You can replace P(B) with P(GR) if you like and ‘epistemologies’ with ‘theories of gravity’. The underlying thing I’m unsure about is where the update to the prior happens and why. If it is when you learn about the new theory, then it seems like an admission that the P(other) option is just outright wrong, so working backwards I guess bayesianism stays consistent by not updating the prior in response to learning a new idea.
Sorry for the delayed replay. My comments are being held for review.
I think you need to make a clearer distinction between a hypothetical perfect bayesian reasoner, who would know all possible hypotheses from the beginning and only narrow them down through observation, and the things humans do to try to approximate that, which will sometimes involve going back and changing the prior when a new hypothesis has been thought of.
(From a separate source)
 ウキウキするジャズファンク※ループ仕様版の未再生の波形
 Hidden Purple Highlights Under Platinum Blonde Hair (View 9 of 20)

Keep in mind that these “probabilities” are subjective assessments of probability based on an individual’s prior knowledge, not facts about reality. Two Bayesians with different prior experience may disagree about how probable something is (/seems to them), but reality will not disagree or debate with itself about the truth of the matter, or assign probability to different possibilities (mumble mumble I don’t really understand quantum mechanics and am pretending it doesn’t matter for the purpose of this conversation).
Whether or not General Relativity is true is unaffected by any probabilities any Bayesian may put on its truth or falsehood when reasoning about the evidence they’ve seen so far. But whether or not a particular Bayesian finds General Relativity to be probably true, is definitely affected by whether they know about it or not. Keep a clear distinction in your mind between “the probability a Bayesian reasoner assigns to some fact being true” and “whether or not that fact is true in reality”—these are not the same.
This is a “map vs. territory” distinction. Bayesian probabilities go into a mental model of how the world works (map), while how the world actually works is separate from the map.
Doesn’t that mean we should expect that Bayesians often disagree and they have no way to resolve it except consulting reality (i.e., an experiment)?
If that’s the case, why bother with Bayesianism at all? It seems like any situation where people needed to agree on the truth of something, Bayesianism wouldn’t help:
They already agree (‘scientific consensus’ and similar situations) -- Bayesianism doesn’t offer anything here.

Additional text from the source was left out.